Equine-related leases have been increasingly popular. In the horse industry, lease arrangements include horse leases, pasture leases, breeding stock leases, barn or facility leases, and others. Disputes sometimes do occur, however, generating time-consuming and expensive lawsuits.
Here are some common problems associated with equine leases and a few suggestions for avoiding them.
Basic Lease Terminology
Leases involve terms that are unfamiliar to many people. For example, the “lessor” in a lease is the one who owns the horse or property at issue and has the ability to temporarily transfer possession, custody, and use of it to another. The “lessee” is the one who receives the use and possession of the property and usually pays rent or gives something of value to the lessor in exchange. (By comparison, this blog has addressed “free leases,” which appear to be unique to the equine industry.)

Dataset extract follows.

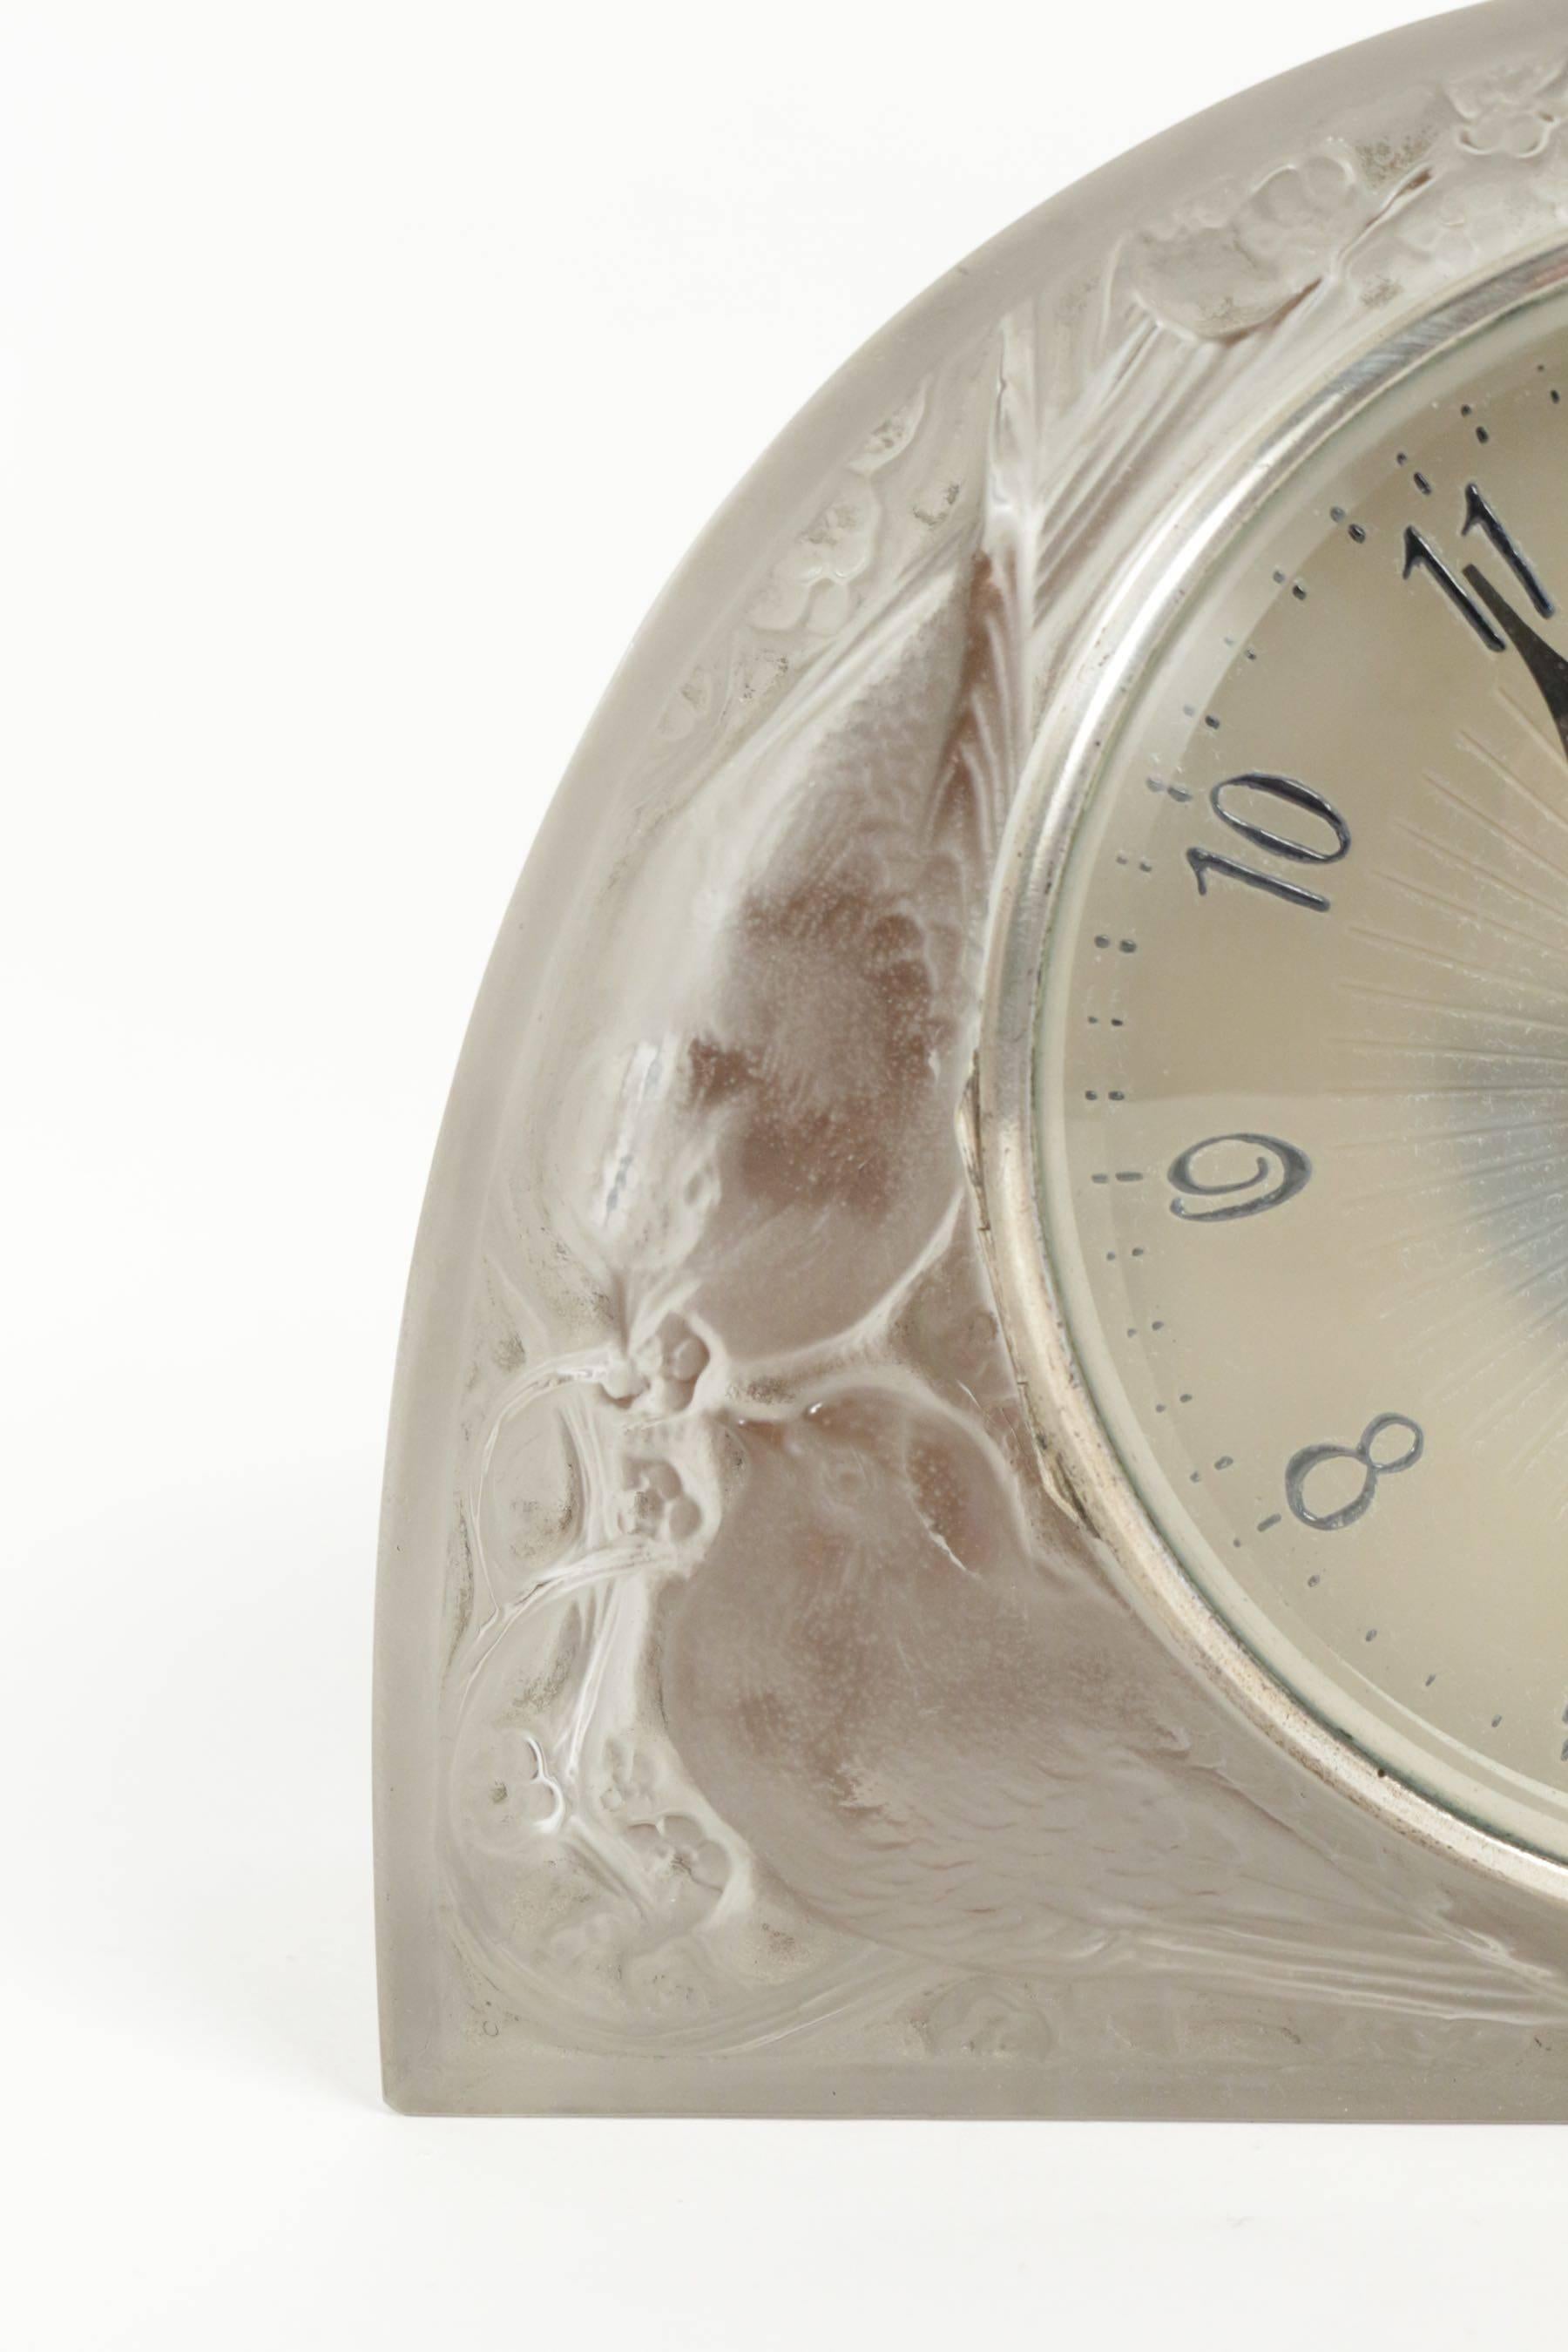 Lalique Pendule - For Sale on 1stDibs

Common Equine Lease Problems
Well-written contracts can help avoid or minimize problems with equine leases. Some equine lease problems are discussed below.
Problem: No Written Lease Contract
Lawsuits have focused on the sole question of whether an undocumented transaction was really an equine sale, gift, or lease. Several years ago, for example, someone leased a horse to a friend, with nothing in writing, but was forced to file suit later to recover the horse because the lessee insisted the horse was a gift and refused to return it.
Well-written contracts can help avoid these disputes if they clearly specify (at a minimum) that the arrangement is a lease, who owns the horse, and when the lessee must return the horse.
Problem: Nobody Knows How Long the Lease Lasts
Problems can occur when the lease fails to specify its duration. Lessors sometimes want to call off the lease and take back the horse, while the lessee expects continued use, such as through the remainder of a show season. These types of legal disputes can be complicated and costly, but they can be prevented if the lease agreement specifies, among other things, how long the lease lasts, when it can be terminated, how it can be terminated, and whether (and how) either party can end it sooner or to extend it for a longer period.
Problem: The Lessor Disapproves of the Lessee’s Use of the Horse
Sometimes, lessors want to limit what a lessee can do with the leased horse. The lease agreement can specify restrictions. For example, some lessors restrict the allowable height for jumping activities, whether showing or schooling, and some lessors forbid jumping. The lease can control where the horse must be stabled, and it can specify trainers who are permitted to ride, drive, handle, or work with the horse.
Problem: Someone is Hurt While the Lease was in Effect
Every horse owner dreads the thought of his or her horse hurting someone by, for example, kicking, biting, or throwing a rider or handler. These risks and potential liabilities never disappear merely because the owner has leased out his horse. The lessor is always at risk of being sued in a personal injury lawsuit.
The parties to an equine lease can plan ahead for these possibilities. For example, the lease agreement can include a release of liability (where allowed by law) that is designed to protect the lessor (and those affiliated with the lessor) against claims from the lessee, where allowed by law. Keep in mind that states differ in their requirements for releases, and a small number of states do not enforce them. A knowledgeable lawyer can draft or review your release provisions. In addition, because people who sign releases can and sometimes do file lawsuits, lessors can purchase a policy of liability insurance such as personal horse owner’s liability insurance.
In a further attempt to protect themselves from liability, lessors can also consider requiring lessees to sign indemnification agreements. An indemnification clause can provide that if any claims or liabilities are brought against the lessor due to acts or omissions of the lessee (or of others affiliated with the lessee); the lessee will hold the lessor harmless and will pay the lessor’s legal fees and any liabilities or judgments. For lessors, indemnification clauses like this may seem desirable, but they can be especially complicated; consult with legal counsel before entering into these arrangements.
Problem: The Leased Horse is Injured or Dies While the Lease is in Effect
What if the leased horse becomes seriously ill or lame while the lease is in effect? What if the animal requires expensive surgery, such as colic surgery? Illnesses and injuries are a foreseeable part of horse ownership, and problems can occur if the lessee fails or refuses to arrange for proper veterinary care or pay for veterinary expenses. Careful advance planning and attention to contract language can help avoid these problems. For example:
- The contract can require procurement of equine mortality insurance and possibly other insurance on the leased horse (such as major medical or loss of use insurance), and the contract can address how, or if any proceeds will be shared between the lessor and the lessee.
- The contract can require the lessee to pay veterinary expenses related to the horse. It can also specify how long those payment obligations continue if an injury or illness occurs during the lease term.
- Some lease contracts limit the lessee’s obligations to pay veterinary and farrier fees only if he or she (or others affiliated with the lessee) were negligent in causing the injury or illness during the lease term.
Careful planning and written contracts can help avoid many kinds of disputes involving equine leases. The legal expense to draft or negotiate a lease could save significantly more expense from a lawsuit.